Web3 architectures simplify back end development by enabling users to read and write to the underlying blockchain either directly or through middleware service providers. At scale, however, one tradeoff that arises is cost. On-chain transaction costs (i.e., gas) are prohibitive for more complex computation or larger scale data storage. This has limited the complexity of applications, or caused developers to depart from more open-source data development models by building proprietary off-chain, centrally-hosted APIs to augment on-chain data sources.

Web3’s unique value proposition is enabling a competitive market for software application development by leveraging cryptography to give users ownership of their public or private data. The public nature of blockchain transactions reduces user “lock-in” and switching costs, giving users more confidence in the permanence and integrity of data through protocol incentives that reward redundancy and consensus. Data portability of this nature allows new types of experiences to be built at lower cost by crowdsourcing development effort in a permissionless way that is not beholden to a single company’s shareholders or management.
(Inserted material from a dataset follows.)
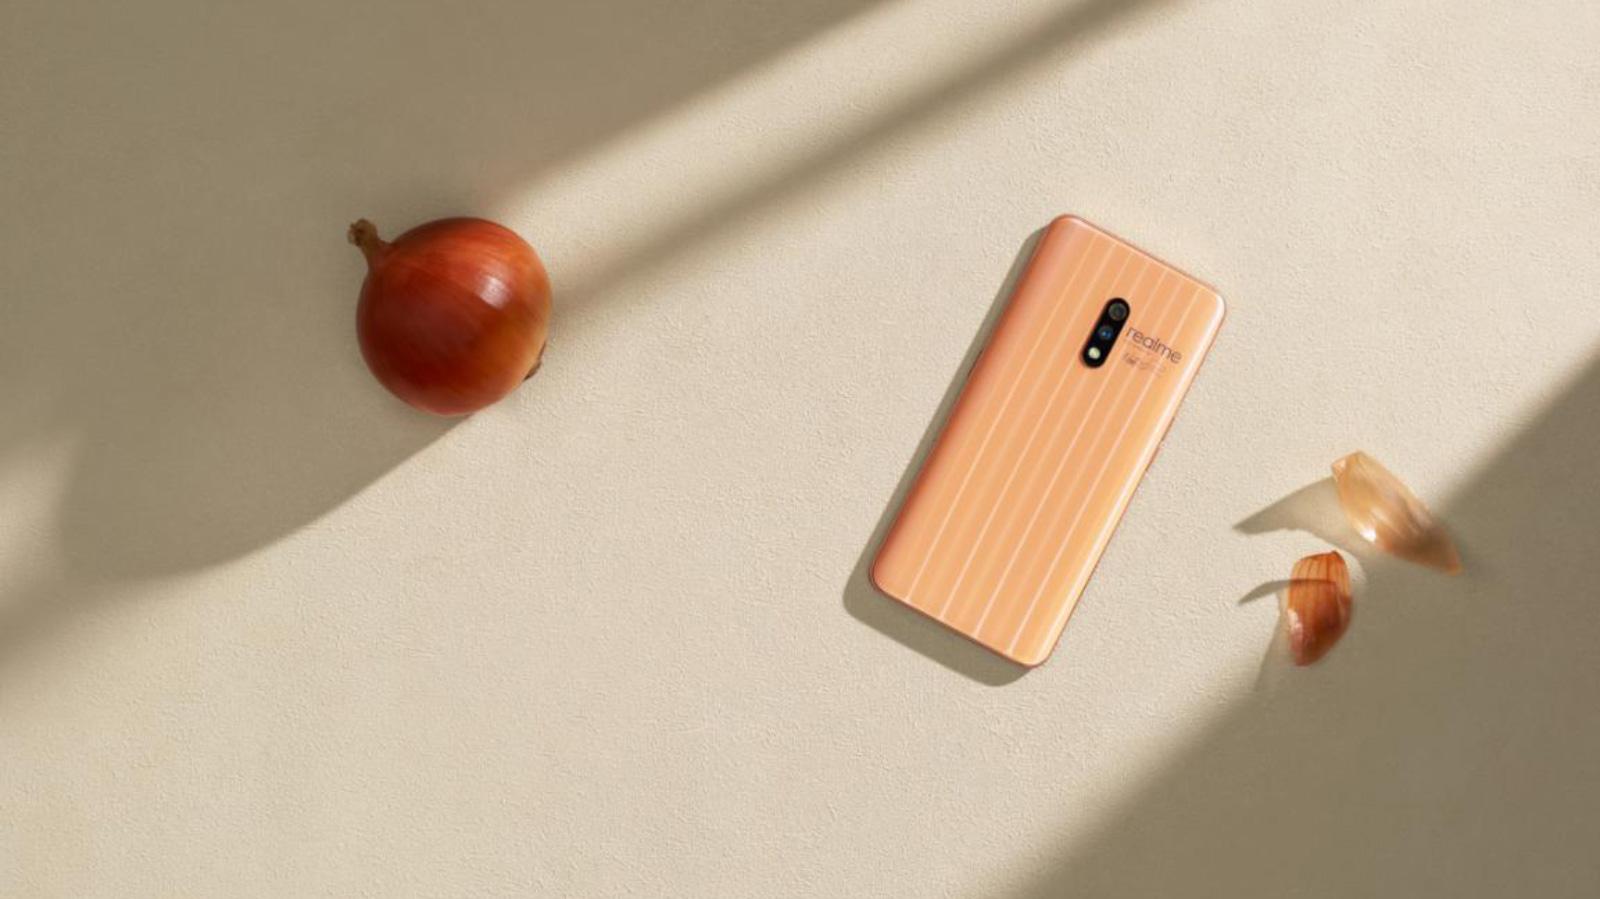 Zobacz smartfon z nagrodą Red Dot Design Award Technologia mediarun cebula smartfon red dot realme 2020

Web3’s open data is a stark contrast to custodial web2 data silos (what technologist Jaron Lanier and economist Glen Weyl have called “siren servers”).

The Graph Network is an ideal example of how to serve blockchain data in a way that reduces dependence on proprietary APIs and can be maintained or hosted in a permissionless way. The Graph is often synonymous with organizing on-chain data, but the permissionless nature and indexing efficiency of subgraphs can be extended to serve off-chain data as well. Though off-chain data does not benefit from cryptographic guarantees like on-chain data, data that is generated off-chain nevertheless still fuels economies worldwide. Data of diverse sources could benefit from a standard querying method – a GraphQL API (aka subgraphs).

Creating Web3 Data Pipelines Using The Graph and Off-chain Data

Let’s dig into how to use The Graph to publish and serve open-source, dynamic data on blockchains and permaweb storage. With this method, you can reliably and affordably index and serve data to third-party consumers. Decoupling the publishing, indexing, and serving of data minimizes development operations expense. Plus, by using The Graph’s decentralized network, access to this data remains robust and reliable without requiring any additional effort on the part of the data publisher.

The approach consists of the following components:

  • An off-chain cron job that performs complex computation and posts data to a permaweb source indexable by The Graph (currently this can only be done with IPFS using the network’s support for file data sources, which can be extended to Arweave or Filecoin once the protocol adds indexing support for file content on those protocols)
  • The cron job should produce an on-chain transaction that posts the file hash and any desired metadata (time, topic name, etc., ideally using a gas-minimized data edge contract that performs no computation, but persists the IPFS hash. Developers can reuse a Data Edge contract Edge & Node has already created for this purpose. OpenZeppelin Autotasks make this as easy as an API call.)
  • Publication of a subgraph that indexes IPFS files based on the file hashes posted to the chain.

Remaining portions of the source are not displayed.